If you really want to make every little part of your Thanksgiving meal special, then it is worth the minimal effort to make your own butter to serve with all the fantastic cornmeal biscuits and rolls that you’ll be making. As an added bonus, you’ll also end up with about 2 ½ cups of homemade buttermilk to use in your biscuit recipe. I can’t say enough how easy this was, and the result is spectacular. The flavor of the butter has a more complex taste than American store-bought butter. Plus, it is just really fun to say you made your own butter.
Homemade Cultured Butter
Credit: Avec Eric by Eric Ripert
Makes about 1 pound
1 quart heavy cream, chilled
1 cup crème fraiche (If you haven’t purchased this before, it can usually be found near the imported cheeses in the deli department of your grocery store.)
1 gallon ice water
~Stir the cold cream and crème fraiche together in the bowl of an electric stand mixer.
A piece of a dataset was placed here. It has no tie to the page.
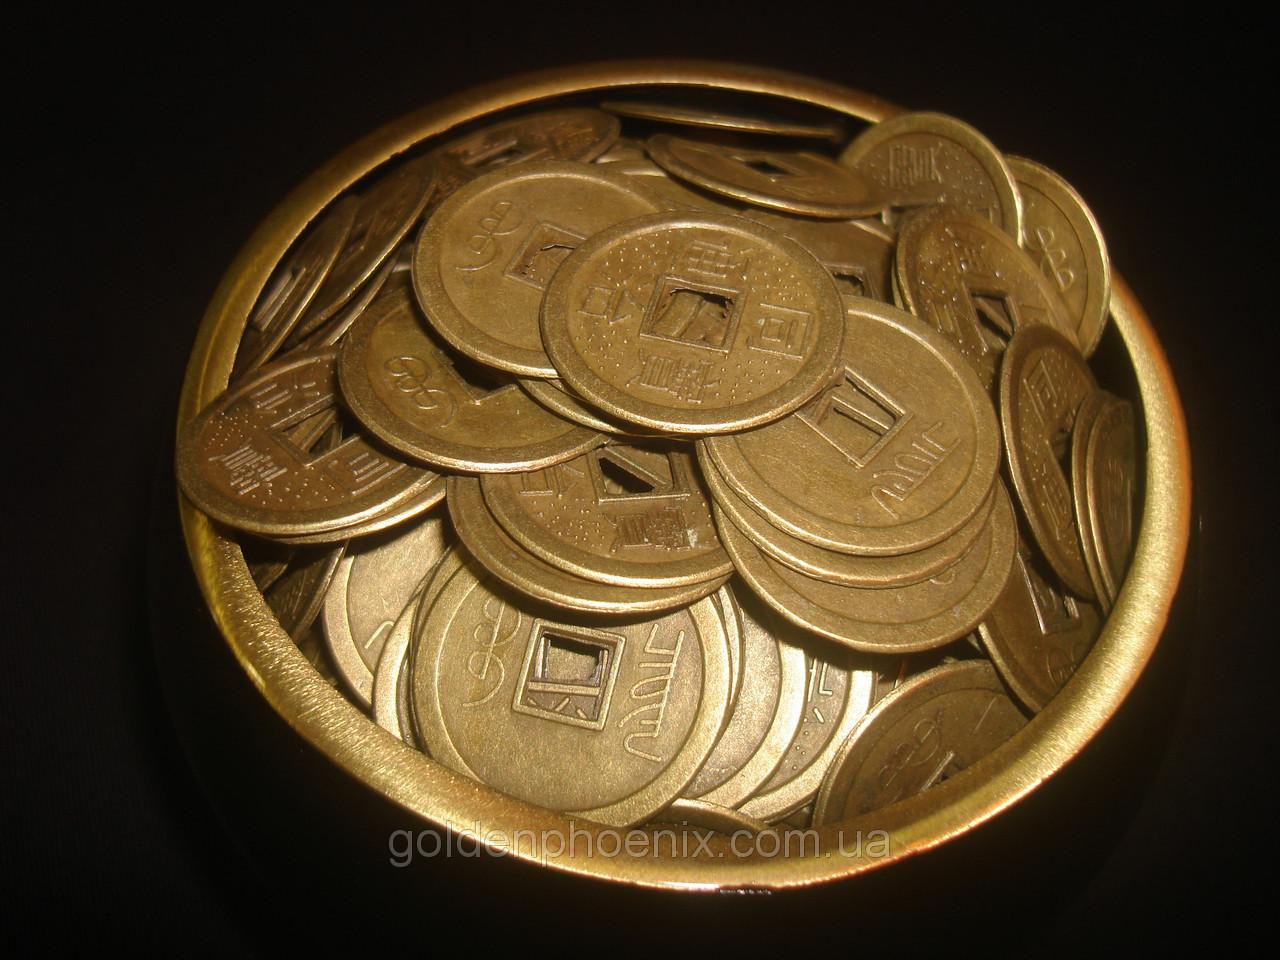 Монеты фен-шуй китайские 12

Using the mixer fitted with the whisk attachment, whip the cream mixture on medium speed for 20 to 25 minutes, or until the fat separates from the liquid (mine took 28 minutes), making sure to cover the mixer and bowl with a towel or piece of plastic wrap.
~Drain the butter through a fine-mesh sieve (reserving the buttermilk for later use) and rinse the butter in the ice water. Place the fresh butter on a clean damp towel and knead on a cold surface to remove the rest of the moisture. Wrap the butter well and refrigerate. For best flavor, allow the butter to warm up to room temperature before serving.